На них уже обратили внимание, кто-то окликнул конвоира, который спросил хромавшего партизана о каком-то Кандыбине. Партизаны по одному и группами бродили среди редких сосен, шли за пригорок, но конвоир туда ее не повел, сказал: «Садись». И она опустилась на землю, спиной к шершавому комлю сосны. Тем временем почти рассвело, низом от болота плыл холодный туман, который здесь, на пригорке, смешивался с низкими космами дыма. Дым и туман стояли в ветвях неподвижных сосен, ветра не было вовсе. Где-то поблизости готовили, в лесу непривычно пахло вареным мясом. Ее конвоир все чаще начал поглядывать в сторону пригорка, похоже, утратив интерес к арестованной. А она совсем окоченела от стужи, ноги и плечи под мокрой одеждой озябли так, что недоставало силы дрожать. И она не дрожала. Она съежилась, сжалась и терпела. Не знала только, надолго ли хватит ее терпения. Она начала думать про Владика, который, должно быть, еще спит, а что будет, когда проснется? Как обычно, сразу побежит за шкаф, к ее кровати, а ее там нет. Не найдет и во дворе, на огороде… Бедный, несчастный мальчик! За что ему все это…
Может, через час или больше между сосен из-за пригорка показались двое: один молодой, с автоматом на ремне, а другой, похоже, без оружия, в черной, сбитой набекрень кубанке. Не подходя близко, тот, в кубанке, издали крикнул конвоиру:
— Веди сюда!..
Она поняла и встала, едва снова не упав на затекших ногах. Втроем они повели ее куда-то в сторону от пригорка, где в редких зарослях можжевельника горбился какой-то холмик — шалаш, что ли. Но это был не шалаш, а яма с брошенной на краю кучей елового лапника, и тот, в кубанке, просто сказал:
— Лезь. Там не глубоко.
Она неловко спустилась на дно сухой и песчаной ямы, оказавшейся ей по плечо, невольно подумала: ну чем не могилка? Сухая, уютная…
— Садись и сиди, — незлобиво приказал все тот же, в кубанке, наверно, здесь старший. Вдвоем с ее конвоиром они пошли за пригорок. Парень с автоматом остался, судя по всему, ее стеречь.

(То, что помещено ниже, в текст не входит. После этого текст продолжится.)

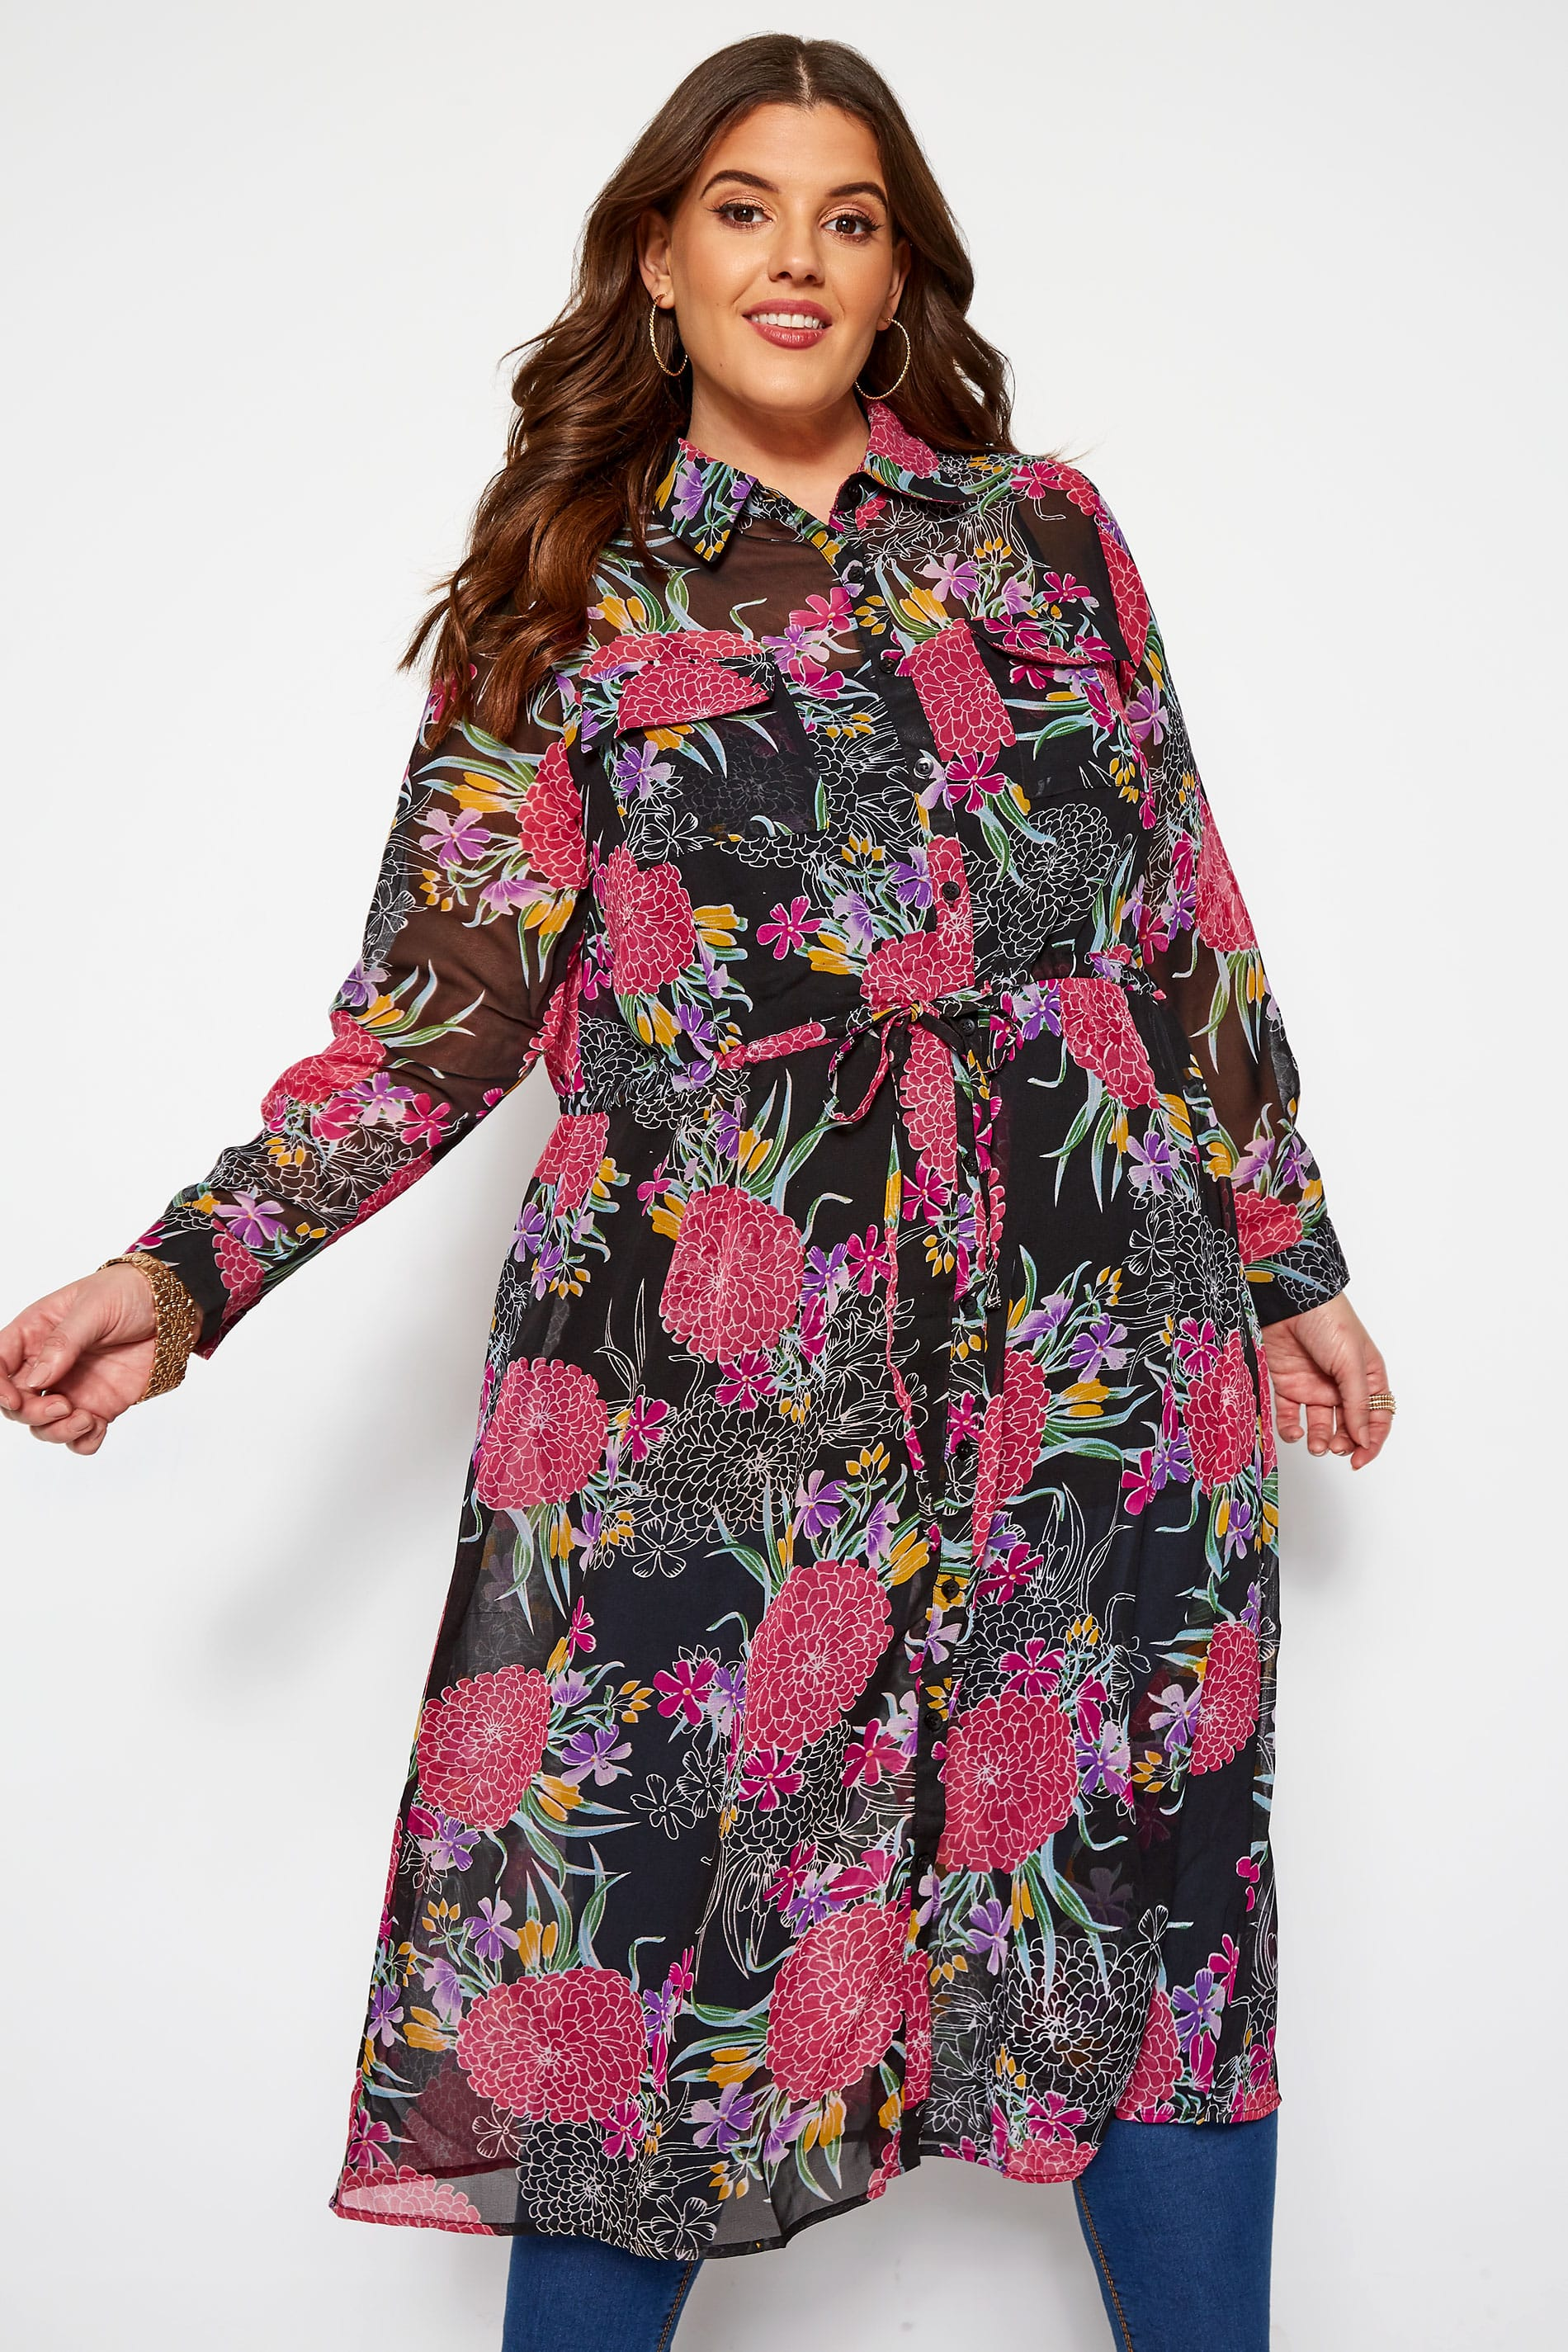 KOKO Black Floral Chiffon Shirt Dress

Она села на дно, боком прислонилась к песчаной стене ямы, в мокрых рукавах жакета сцепила настывшие руки. Она хотела только согреться и думала, сколько ей здесь сидеть. Но если посадили в яму, так, наверно, посидеть придется. Часовой наверху с кем-то тихо переговаривался, и она, напрягая слух, услышала обрывки разговора — поехал… когда приедет… а хер его знает… Торчи тут с ней…
Ясно, она для них — не большая радость, явилась во внеурочный час, и вот надо ее стеречь. Да и тот, длинный ее конвоир, тоже всю ночь не спал, караулил, вел. Бедный партизанчик, с благодушной иронией вспомнила она и не в лад с прежними мыслями зло подумала о немцах — что натворили! Какое замешательство произвели в людях. Конечно, собственных сил оказалось маловато, набрали пособников, благо было из кого. Обиженных прежней властью хватало, о том позаботились большевики, все предвоенные годы по существу готовившие кадры для оккупации. В общем, поступили вполне предусмотрительно, иначе с кем бы теперь воевали эти партизанские отряды? Немцы далеко — за тысячу верст в Германии или за столько же на Восточном фронте. Эти же оказались как раз под рукой, близко и все знакомые. Бывшие свои, что во всех отношениях удобно. Кроме разве морального. Но в войну мораль значит ничтожно мало. Тем более для безбожников.
Наивные немецкие руководители (если только наивные), по-видимому, полагают, что жестокостью запугают, что партизаны в конце концов сжалятся над безвинным населением — перестанут подрывать, саботировать и сжигать. Плохо, однако, оккупанты их знают: эти никогда никого не пожалеют, жалость — не их религия. Их религия — беспощадность.
Кровавое, очумевшее от крови племя. Не остановятся, пока не перегрызут горло — и врагу, и друг другу.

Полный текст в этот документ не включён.